Hedda Gabler. Showed until 21st March 2017 at National Theatre
When Ruth Wilson was interviewed for the Guardian someone asked:
‘I have seen Hedda Gabler three times and I’m looking to top that up with the NT Live. Never really got Ibsen before, but your interpretation of her was stunning – you have an amazing gift. Do you see a bit of Hedda in yourself, or is that a mean question?’
Ms Wilson replied:
‘It’s a bit of a mean question, because she’s not a very nice person, but yes, I do see a bit of myself in Hedda. I see a bit of myself in all my roles. I think she’s quite funny, but that’s my weird brain. I understand the frustration of feeling deeply and people not understanding you, and I get deeply frustrated at times – but I would never make the choices she makes. I hope I wouldn’t find myself in that situation – trapped in something I despised.’

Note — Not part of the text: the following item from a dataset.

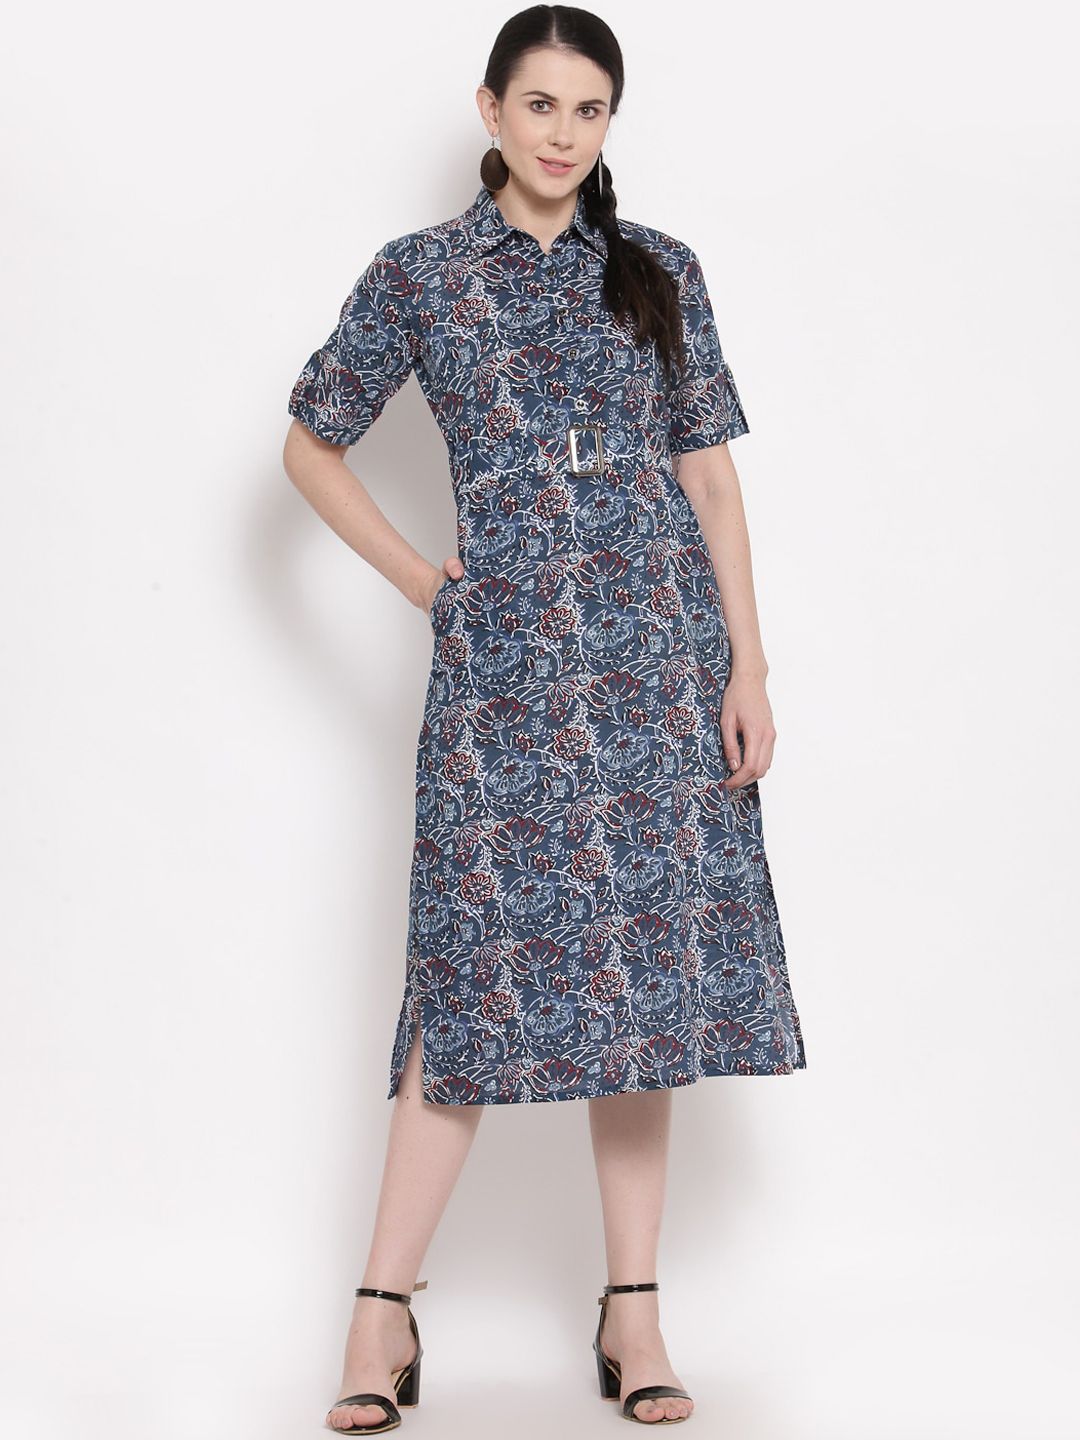 Indibelle Blue & Maroon Floral Cotton Shirt Dress Price in India
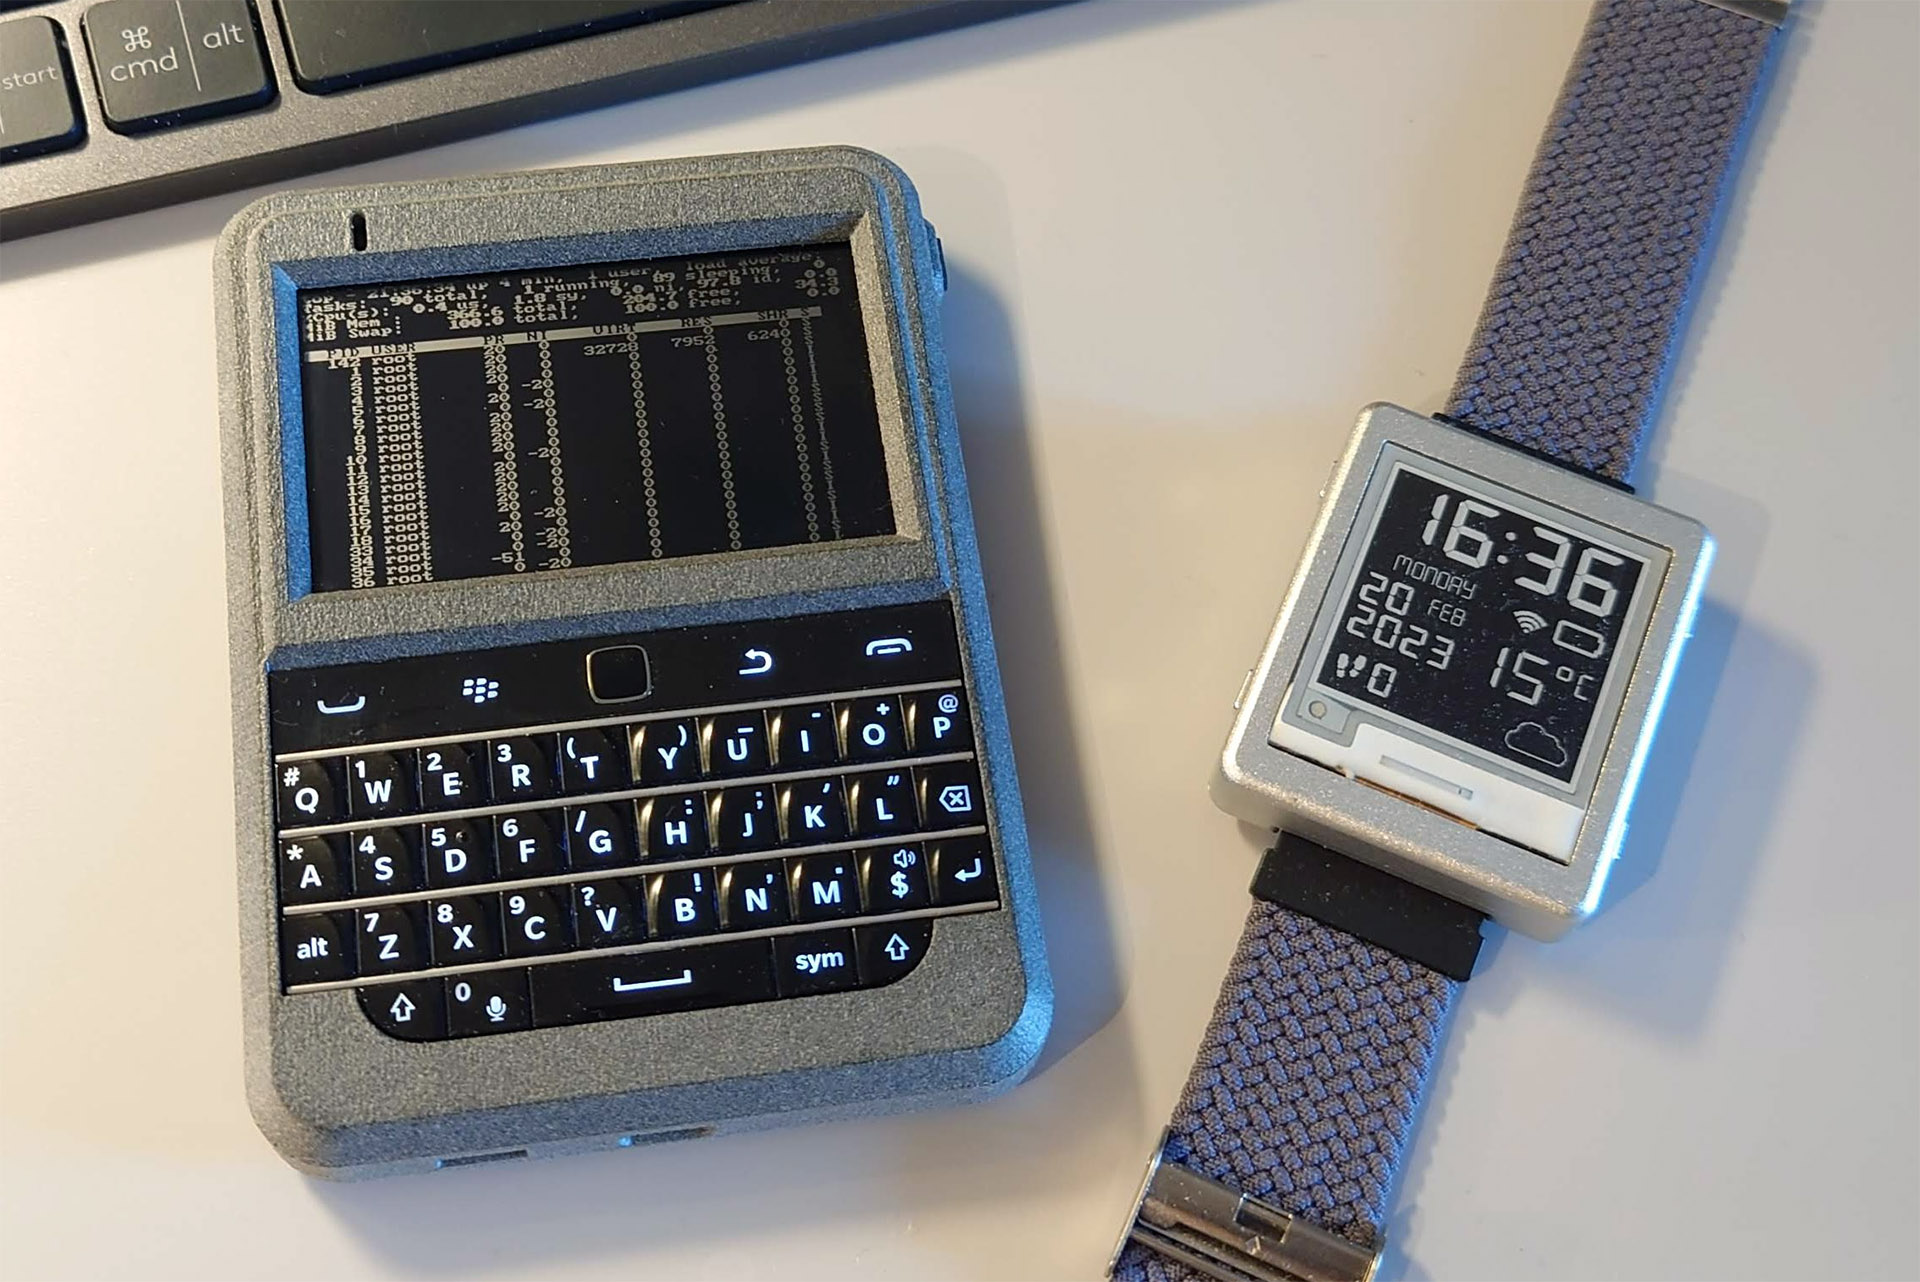 A Beepberry with a 3D-printed shell next to a ‘Watchy’ smartwatch.

The frustration of feeling deeply and not bring understood can feel exacerbated a hundredfold in a world which prominently parades Trump lack of brain cells and legs-it Brexit. There are so many things large and small to be angry and frustrated by, so many everyday inequalities and injustices, that occasionally it can feel difficult and exhausting just to deal with the emotion provoked. Maybe this is why I loved Ruth Wilson interpretation of Hedda Gabler so much.
Hedda has married an academic, Kyle Soller’s Tesman, afraid that she is losing the bloom of her youth and needing to settle down, tiring of her “chaotic” life. She is restless, unhappy in her married life, will surely “die of boredom” with her husband the “assistant”. Ruth Wilson bringing the humour here in her heavily sardonic lines. Hedda lives in a house she never loved, although claimed to falsely in a rare moment of pity for the romantic knots Tesman found himself in, leading to engagement, wedding, honeymoon and “whatever hell lies after”. Academics are boring, she exclaims, she has no time for her husband’s papers and interests, the parties she was promised are postponed as the couple find themselves in debt from their extravagance. And although she may or may not be pregnant, it’s clear Hedda is not feeling maternal: “I don’t want to make something that makes demands” she retorts, capturing that the concept of motherhood for her is a depressing continuum of need and unfulfilled want. She throws continual sarcasm and teasing criticism at her husband who shakes it off with the occasionally bewildered air of a dampened dog.
Gabler is Hedda’s father’s name, and she is characterised as her dead father’s daughter much more so than her husband’s wife. She keeps his pistols on display and likes shooting into clear blue skies. As she holds the pistol up to the audience and to what turns out to be her former lover we brace ourselves for the shot and the jump. Hedda seems a girl craving secret knowledge, like the power of tempting back alcoholism which she wields over ex-lover Chukwudi Iwuji ‘s Lovborg in glee.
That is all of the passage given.